**WHAT IS BEING ASKED:** Beginning with the line that has "Lead-Validierung" and ending with the line that has "Artist Shantell Martin drawings", retype the entries below exactly, except for the pictures.

*** Opening RAW DATA ***

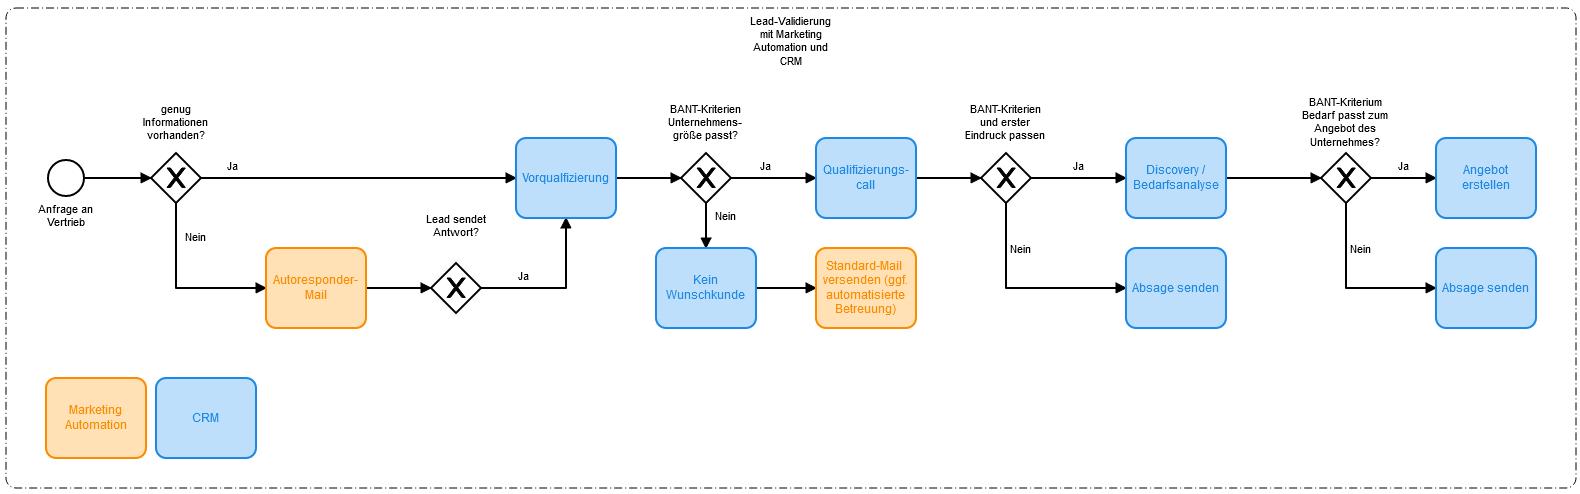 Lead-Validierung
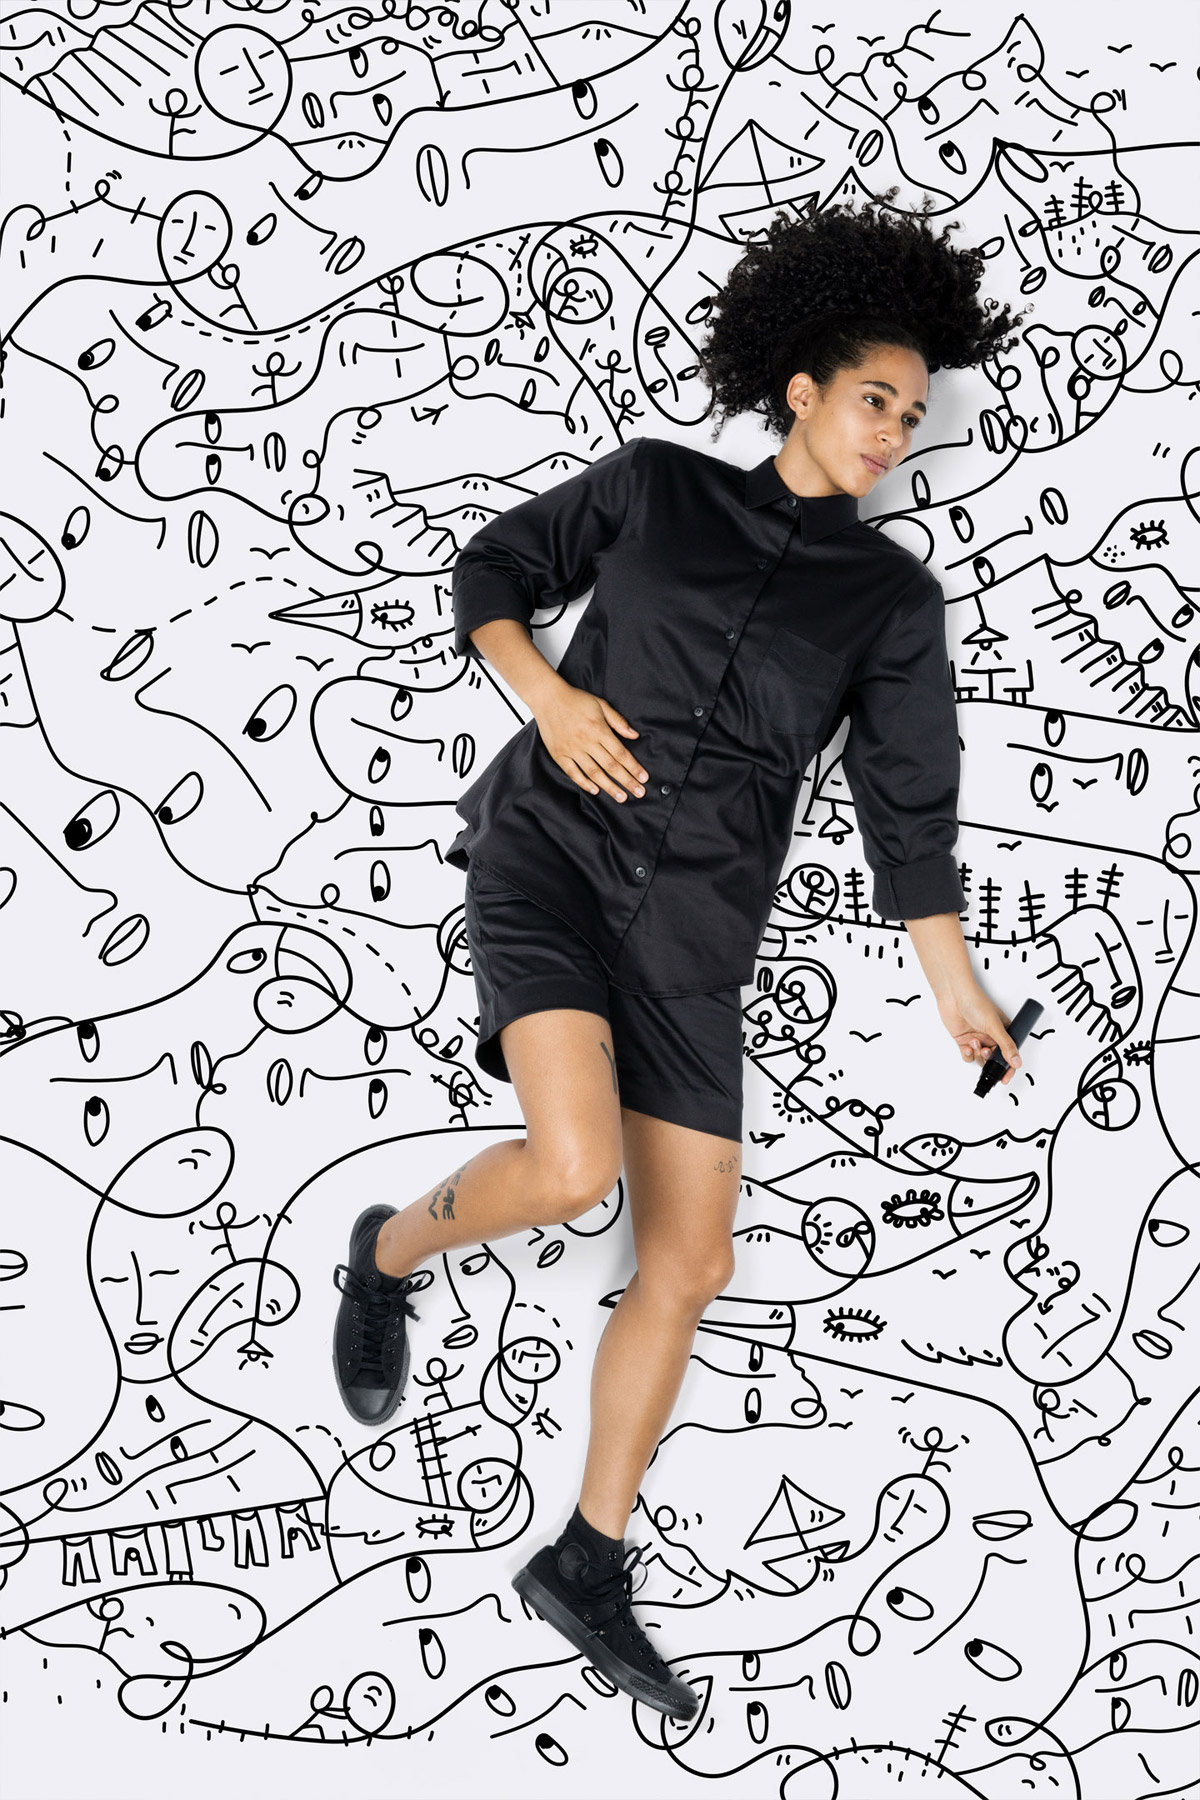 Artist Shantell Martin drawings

*** Closing RAW DATA ***
*** Opening RAW DATA ***

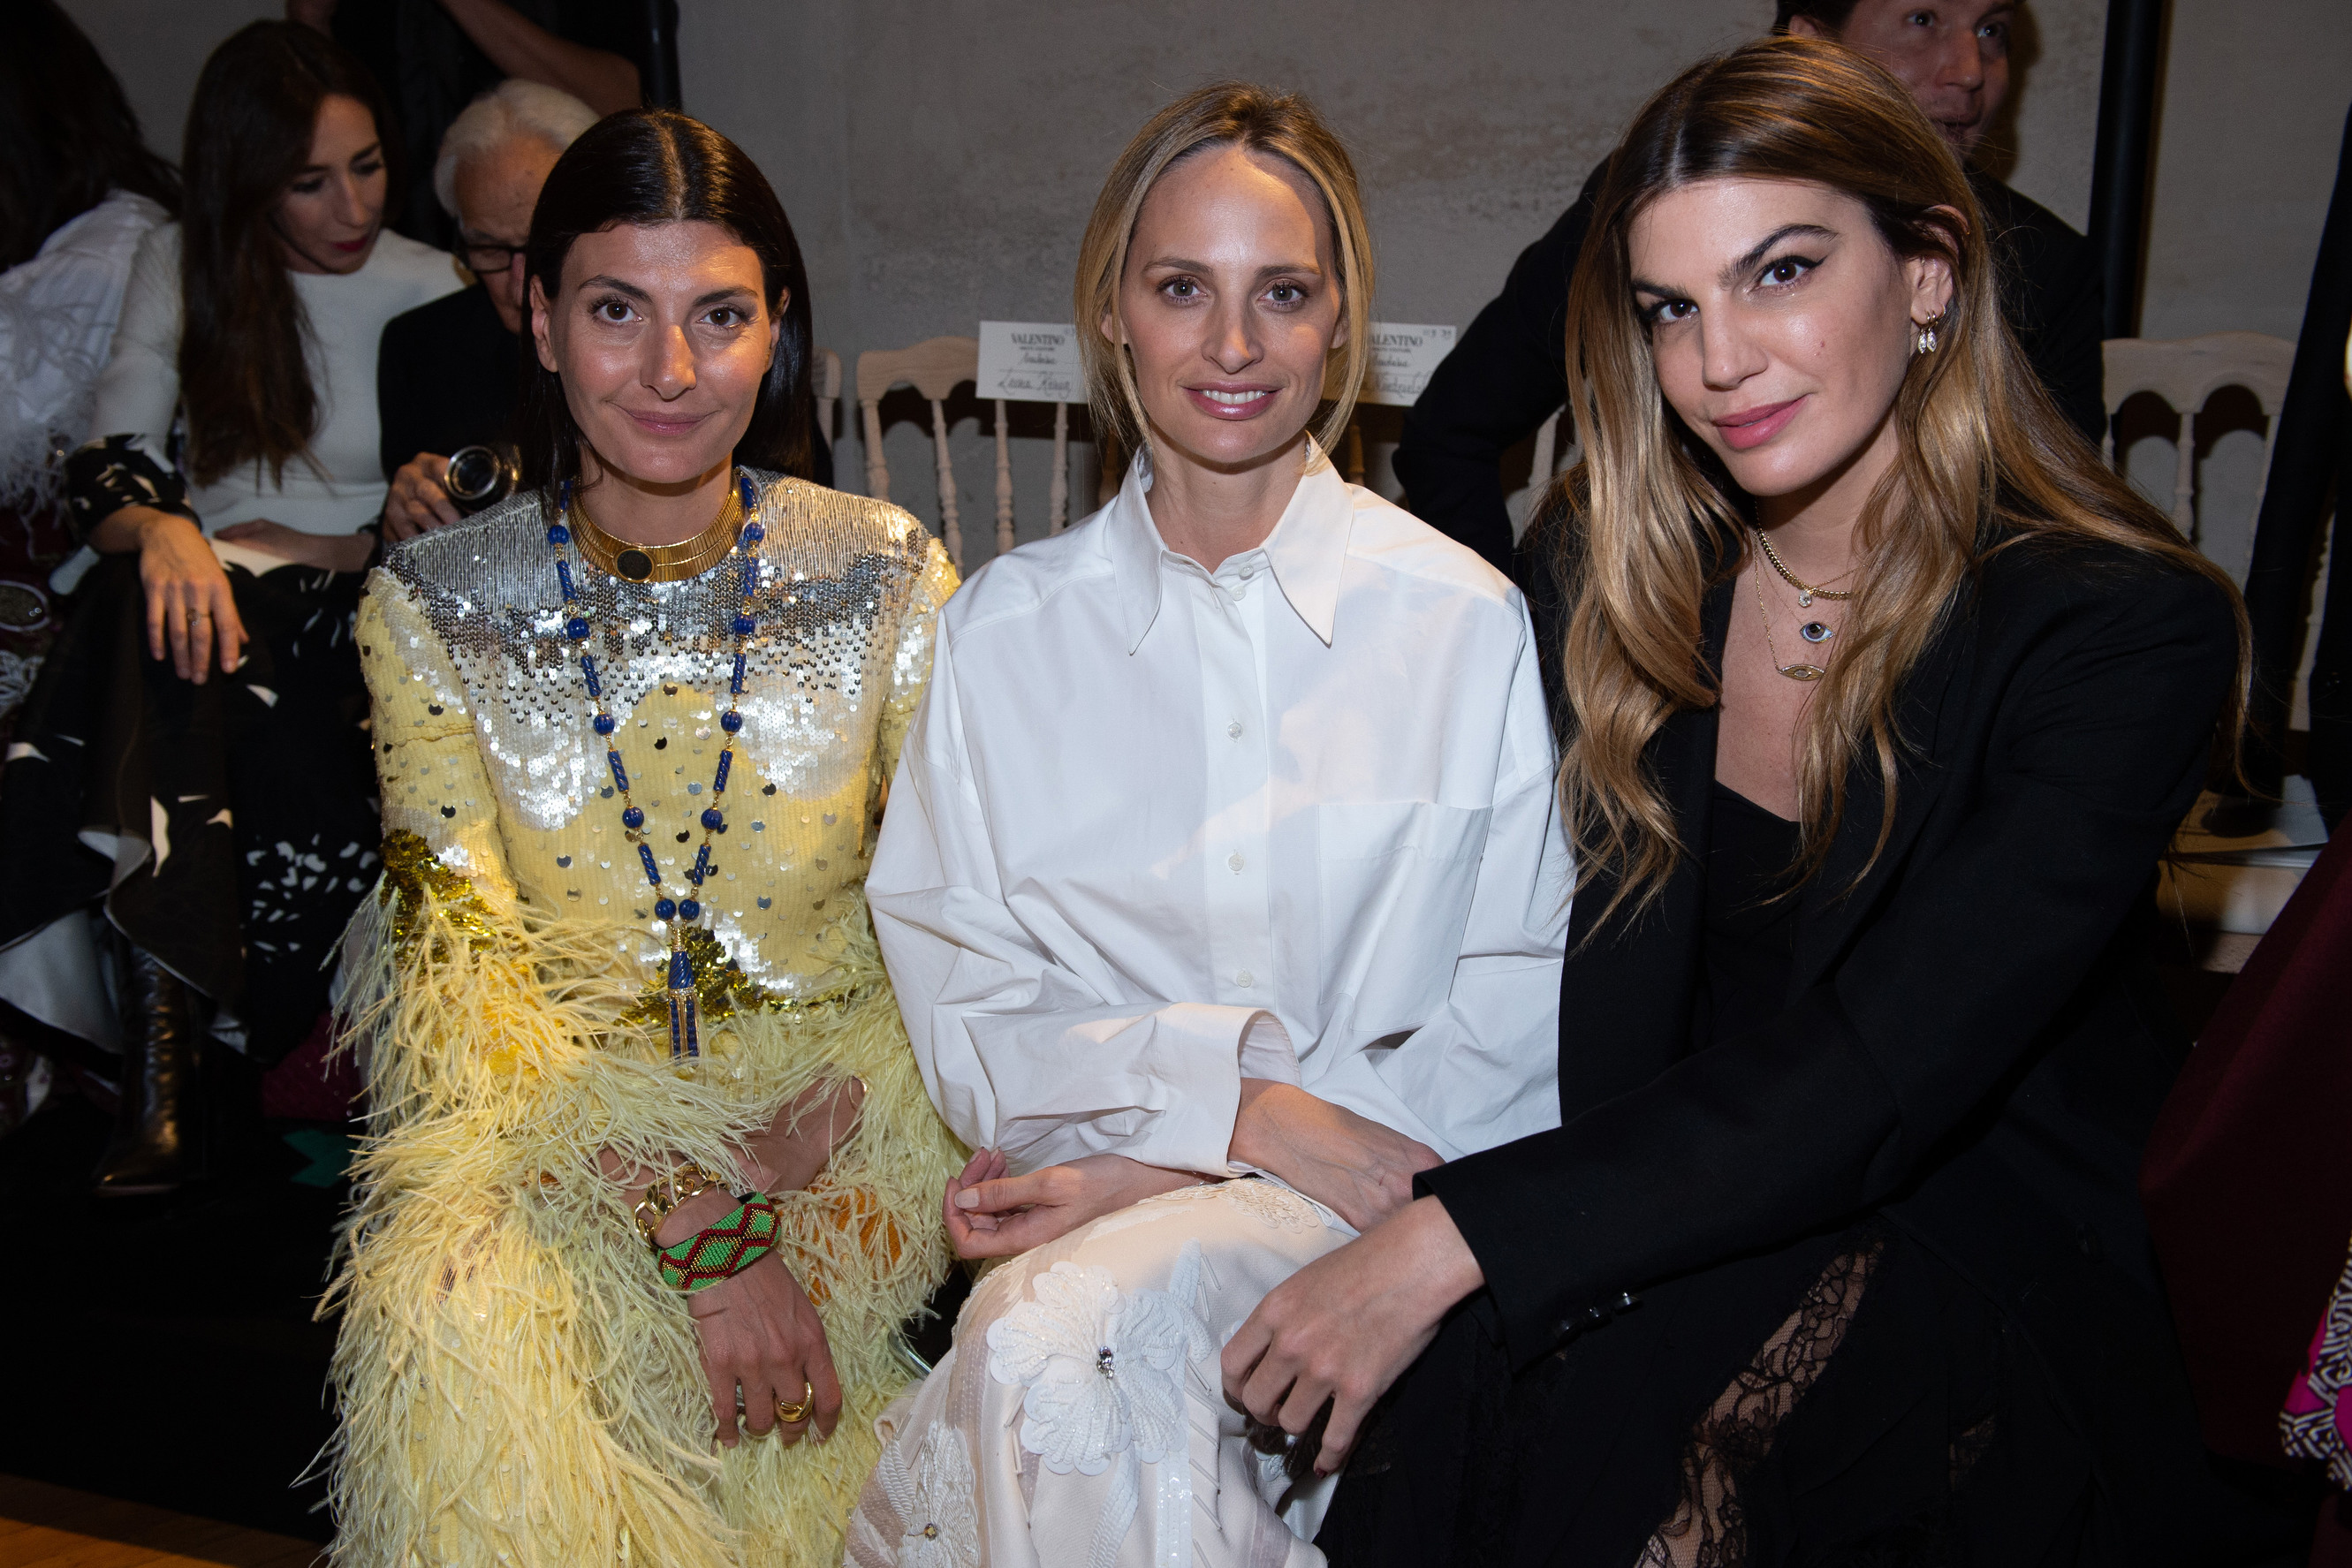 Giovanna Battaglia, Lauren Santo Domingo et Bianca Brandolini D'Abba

*** Closing RAW DATA ***

**EXERCISE ANSWER:**
 Lead-Validierung
 Artist Shantell Martin drawings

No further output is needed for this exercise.